De raad legt in dit artikel enkele basiscondities vast voor de interne controle. Daarmee verkrijgt de raad de zekerheid dat het college aan de eisen genoemd in met name artikel 5, eerste lid, zal kunnen voldoen. De verordening geeft in het eerste en tweede lid aan het college de opdracht voor de inrichting van de financiële organisatie verschillende maatregelen te treffen op het gebied van interne controle, bijvoorbeeld een adequate functiescheiding. Voor een goede interne controle zijn echter aanvullende onderzoeken nodig. In het tweede lid van artikel 6 geeft de raad aan, welke onderzoeken hij nodig acht om de eisen van controle te waarborgen en met welke frequentie deze onderzoeken moeten worden uitgevoerd. Met de meest relevante bedrijfsonderdelen en/of bedrijfsprocessen worden die onderdelen of processen bedoeld die verantwoordelijk zijn voor de grootste geldstromen. Het derde en vierde lid regelen dat het college op grond van de uitkomsten van de onderzoeken bij tekortkomingen maatregelen tot herstel treft en dat de raad over de uitkomsten van de onderzoeken en de eventuele maatregelen tot herstel op de hoogte wordt gebracht. De genoemde onderzoeken in dit artikel omvatten niet de interne onderzoeken van het college naar de doelmatigheid en de doeltreffendheid van het gevoerde bestuur. Regels voor deze interne onderzoeken zijn opgenomen in de verordening artikel 213a Gemeentewet.
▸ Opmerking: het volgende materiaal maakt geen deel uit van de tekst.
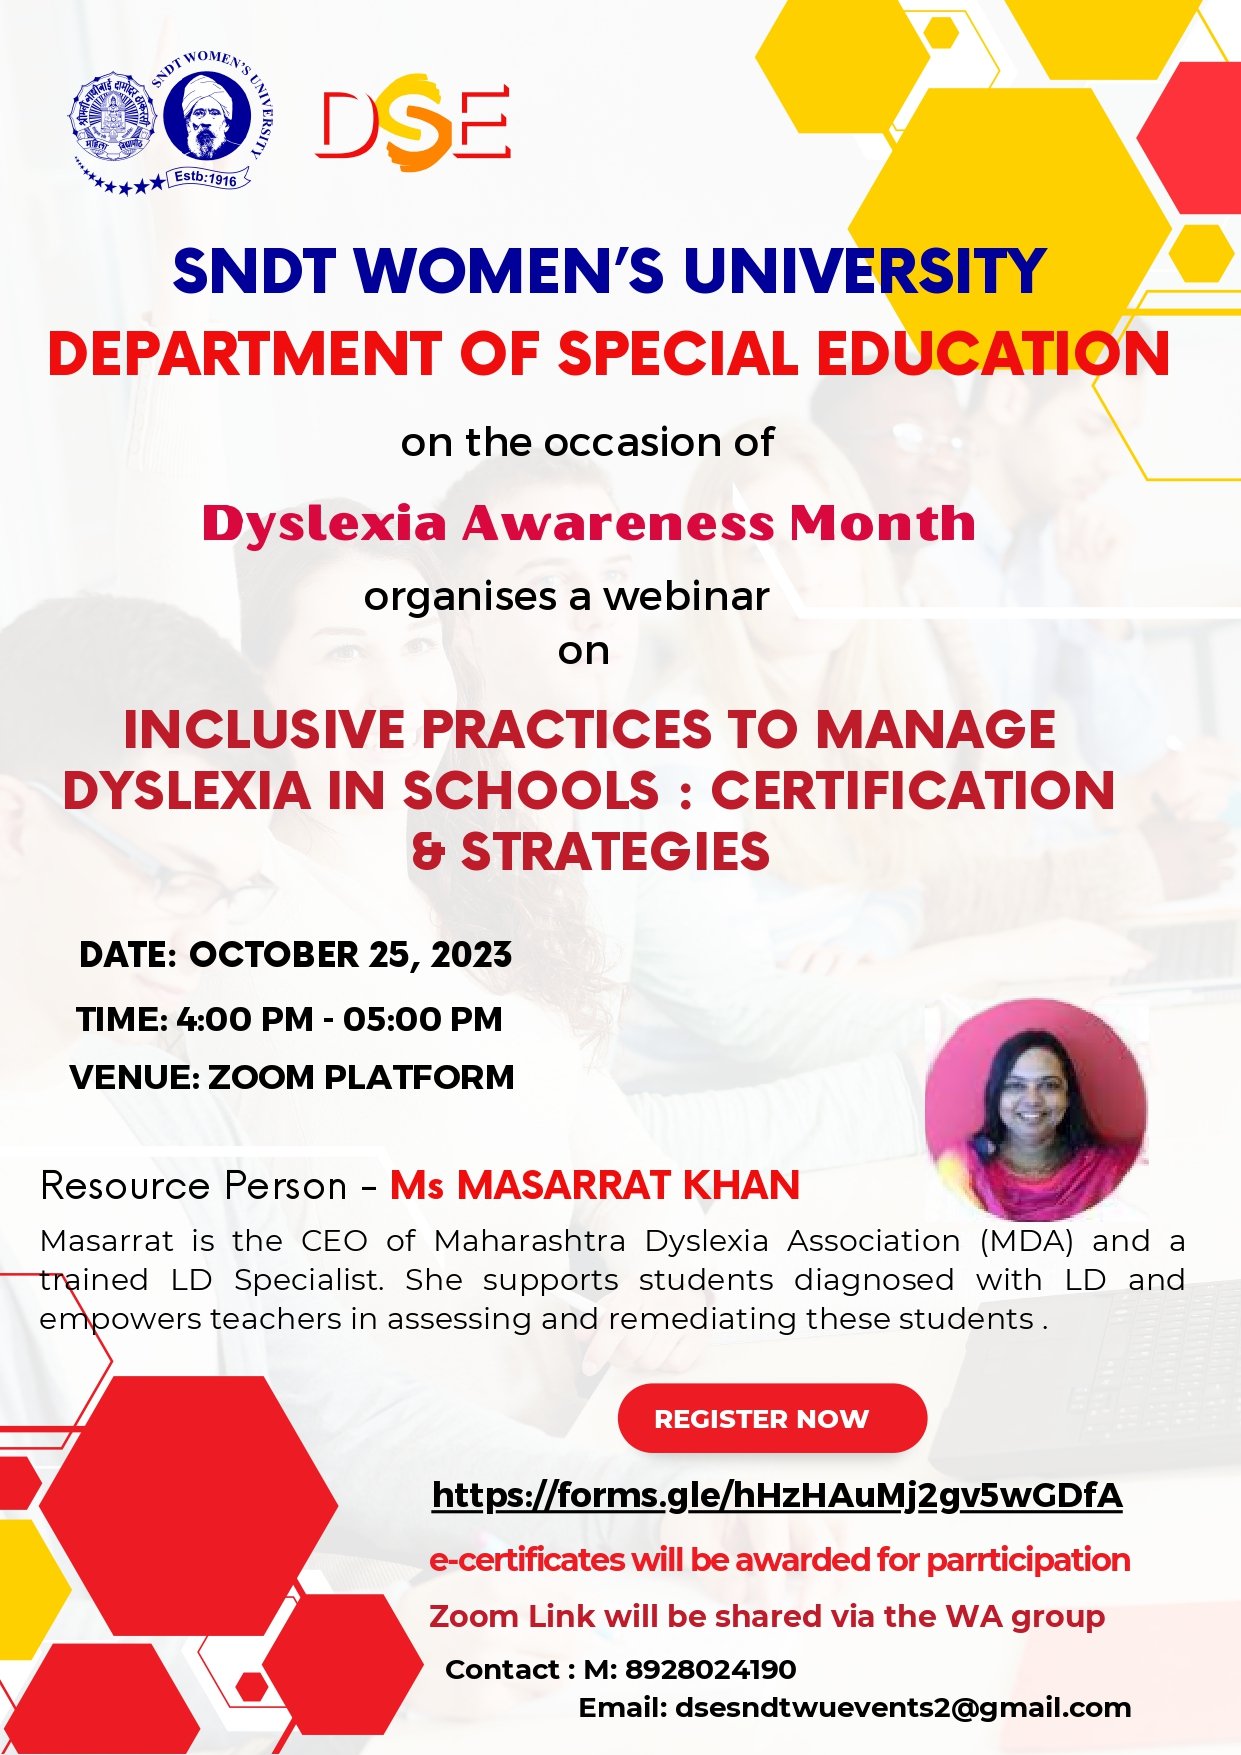 Webinar on Inclusive Practices to Manage Dyslexia in Schools : Certification & Strategies by Ms Masarrat Khan on occasion of World Dyslexia Awareness Month

Artikel 7 formaliseert een belangrijk onderdeel van deplanning en control van de raad. De raad geeft namelijk aan de aard van de informatie die het college standaard dient te verstrekken evenals de reguliere frequentie. Op basis van deze informatie kan de raad de uitvoering van de begroting volgen en besluiten of bijsturing nodig is.
Artikel 7, tweede lid, regelt wanneer de raad tussentijds over de stand van zaken in het lopende begrotingsjaar moet worden geïnformeerd. In dit lid is gekozen voor twee begrotingswijzigingen en één beleidsrapportage. Een andere mogelijkheid is een tussenrapportage per kwartaal, waarmee wordt aangesloten op cyclus voor het aanleveren van financiële informatie aan derden, o.a. het CBS en de Europese Unie. In Heiloo wordt alleen voor specifiek aangewezen programma’s, projecten en of paragrafen minimaal per vier maanden gerapporteerd. Door het vastleggen van de data in het artikel kan de raad een maximale termijn vastleggen, waarbinnen de begrotingswijzigingen moeten worden samengesteld en opgeleverd.
In het derde en vierde lid van het artikel geeft de raad kaders voor de inrichting van de begrotingswijzigingen.
In het vijfde lid geeft de raad aan waarover hij in elk geval in de beleidsrapportage wil worden geïnformeerd indien hier aanleiding toe is. De stand van zaken van - en prognose voor het lopende begrotingsjaar kan overigens naast de jaarstukken van het afgelopen jaar mede een belangrijke basis zijn voor het inzicht voor en het opstellen van de volgende begroting.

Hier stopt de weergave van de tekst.